J Aaron Farr wrote:
git could be an issue.

Can you explain what the issue is with Git? We have at least seven contributors (three at Facebook, four external) using git-svn right now, and I know that at least a few of us would really like to use native Git as the main repository for Thrift. Paul Querna mentioned on the Thrift list that Apache likes things to happen "in the open", but he said that others could explain it better.

If the concern is that key developers would maintain their own repositories and exchange patches in private emails, I can assure you that this is not what we have in mind. Perhaps it would help if I explained the sort of repository I am picturing. (I am locally testing some hooks to implement this, so hopefully we can launch it in a trial mode as soon as I can get a machine.) There would be once central repository that would track the trunk. In addition, every committer would be able to post their own branches to the repository. The preferred workflow would be for a committer to post a patch to a branch in the repo, then send out an email to the list like "hey guys, my patch for project space-age is on branch priv/dreiss/space-age. Do you think this is ready to be merged into master?" Then anyone could go to gitweb to look at the patch, pull the patch into their repo and hack on it, or download a tarball and test it out. I think this is much less error prone than having to manually apply a patch sent over an email. I think it even has the potential to be more open than Subversion. If we encourage developers to continuously push their experimental work to the repository in branches, everyone could "follow along" and contribute. I think this is a much better situation than the current case with Subversion where local changes that aren't ready to be merged into the main repository yet stay on developers' private machines.

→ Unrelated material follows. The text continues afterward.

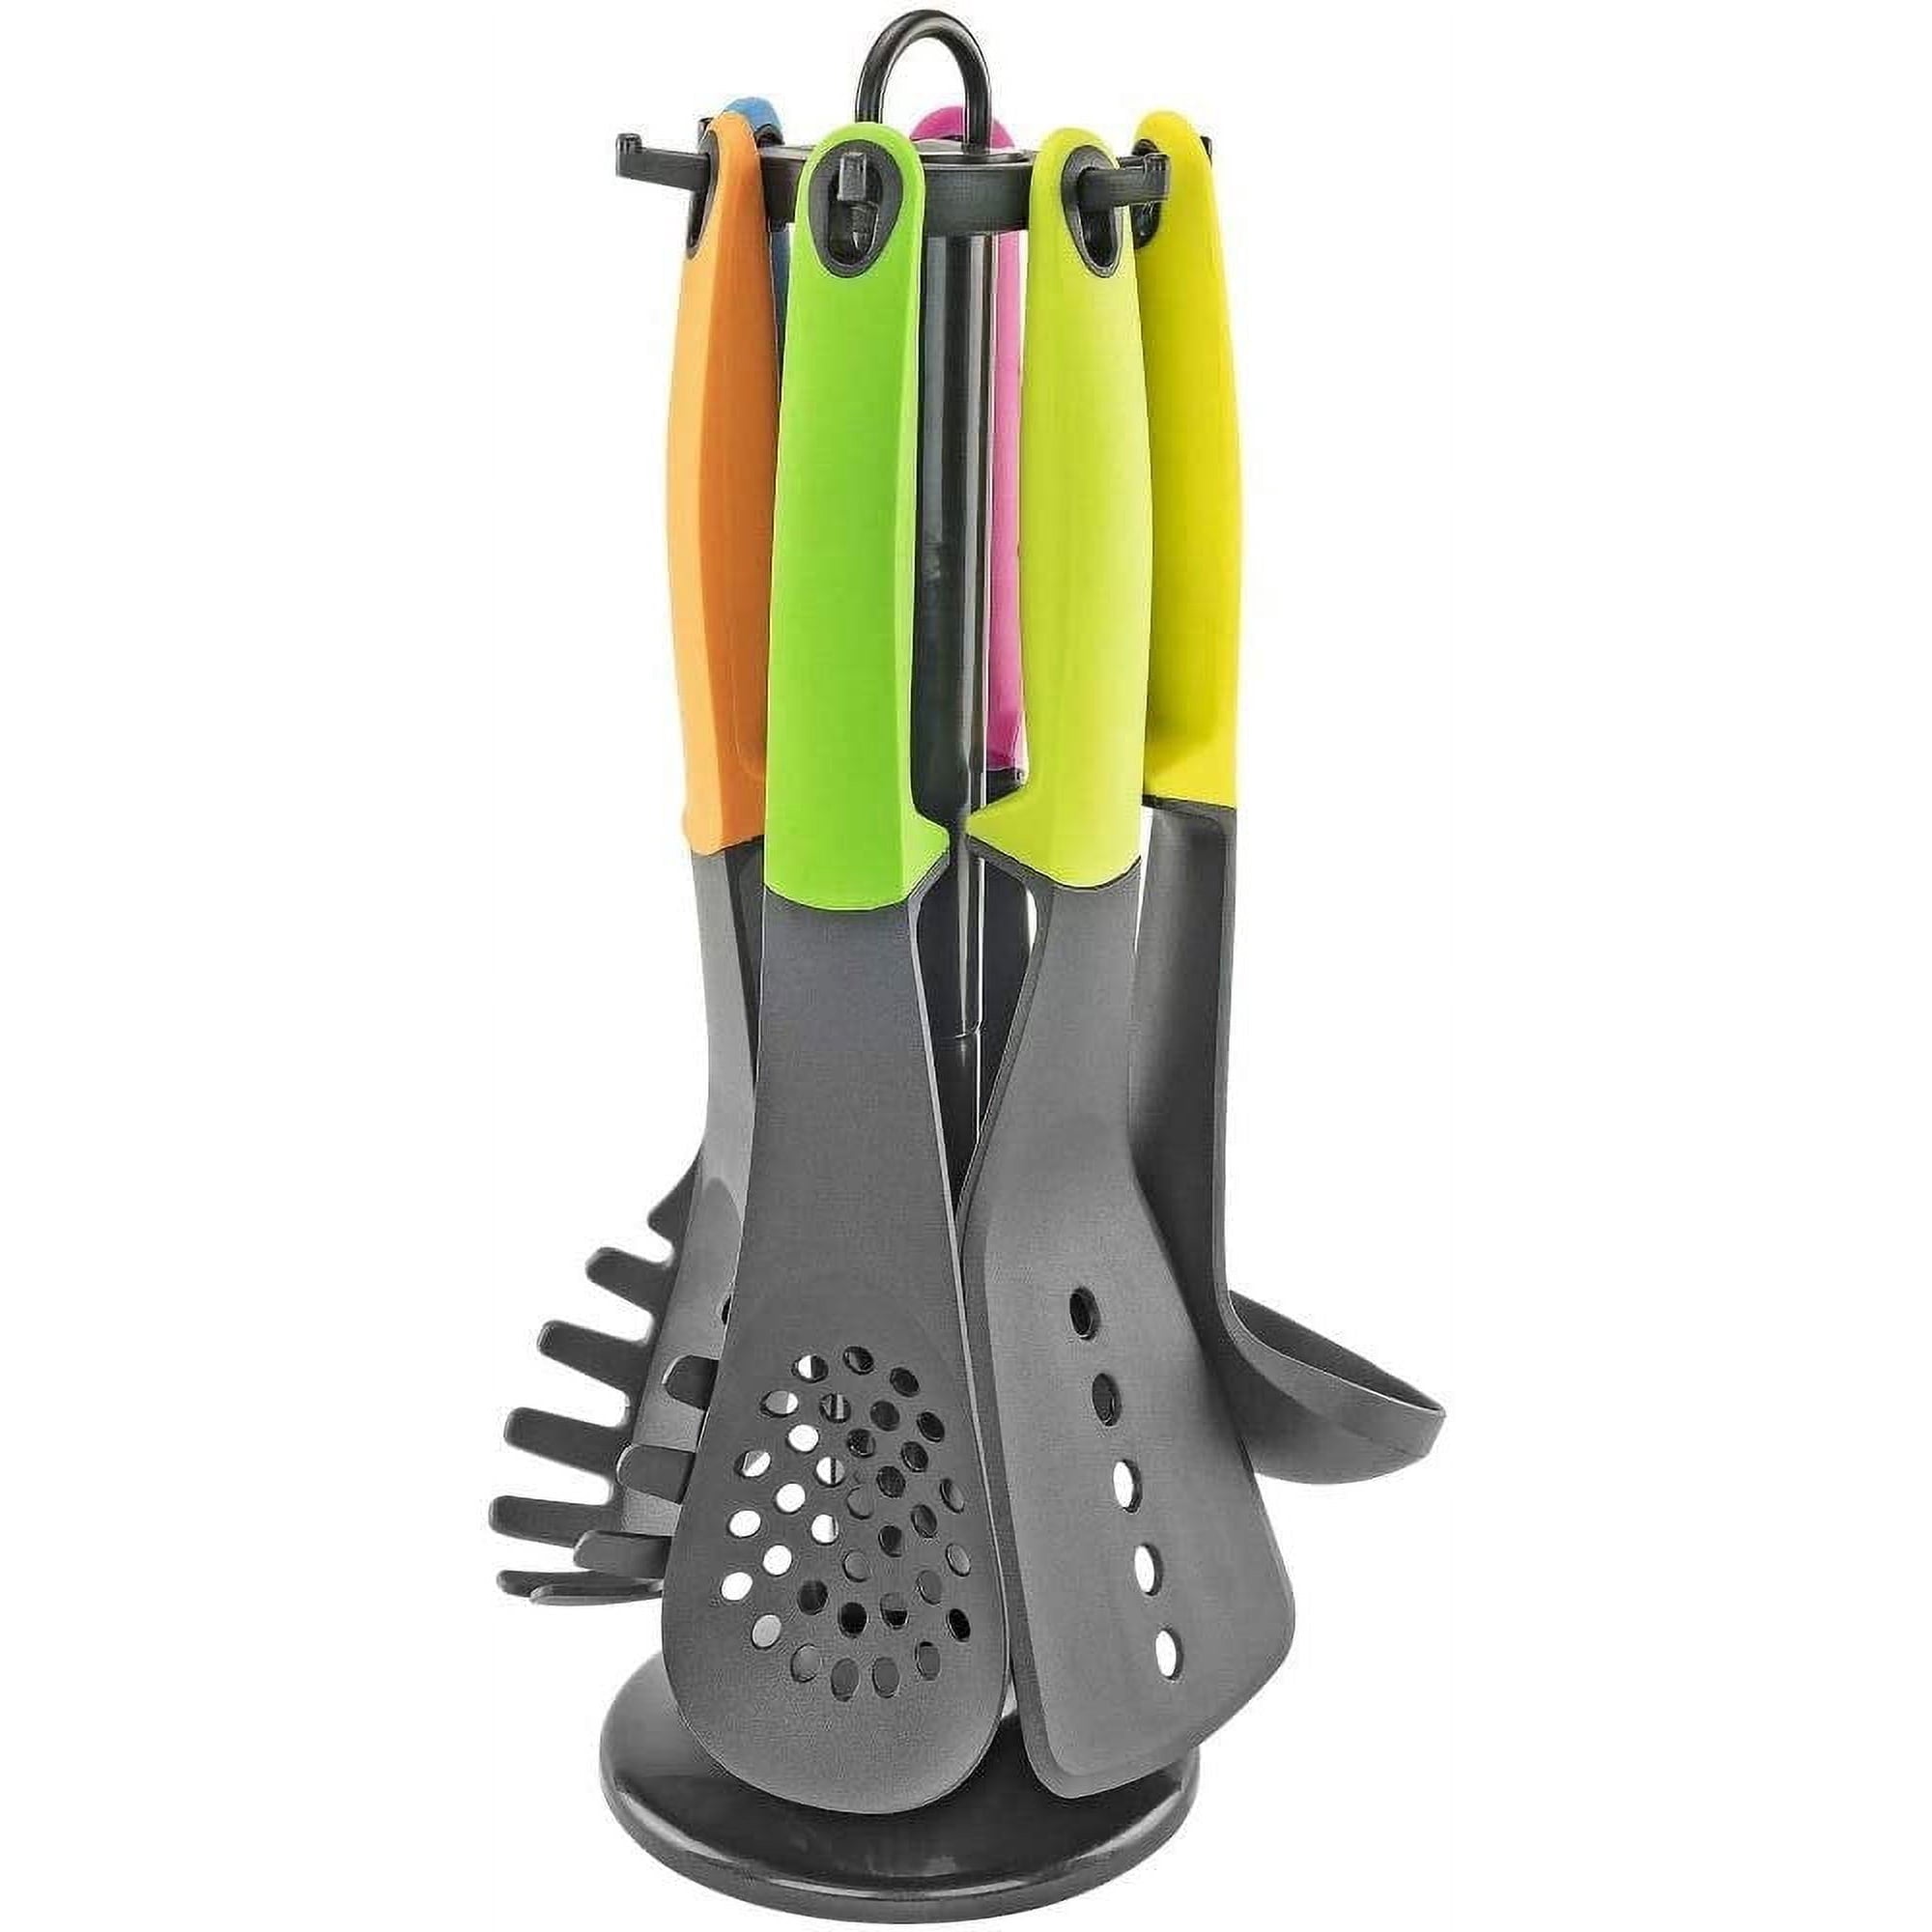 Image of Set of 7 Kitchen Utensils w/Holder, Silicone Handles - Includes Ladle, Spatula, Spoon, Spaghetti Server, and More

I also have a set of scripts to allow non-committers to submit changes directly to the repository, tag the submissions, and email a list of committers. There are two benefits of this. The first is that it is a far less error prone way for patches to be submitted and applied. The second is that non-committers would submit patches for consideration in almost the exact same way as committers. This way, new committers wouldn't have to change their workflows at all, and we wouldn't have to worry about them making "newbie" mistakes, because they would just continue to work in the same way that led us to believe they would be responsible committers.

Well, this email is getting a bit long, so I'll cut myself off here. Let me say in closing, though, that I don't want this issue to hold up the vote on Thrift. I think that everyone involved with the project thinks that Apache is the best place for it, and if the PMC says we have to use Subversion, we will. But please consider Git. Thank you.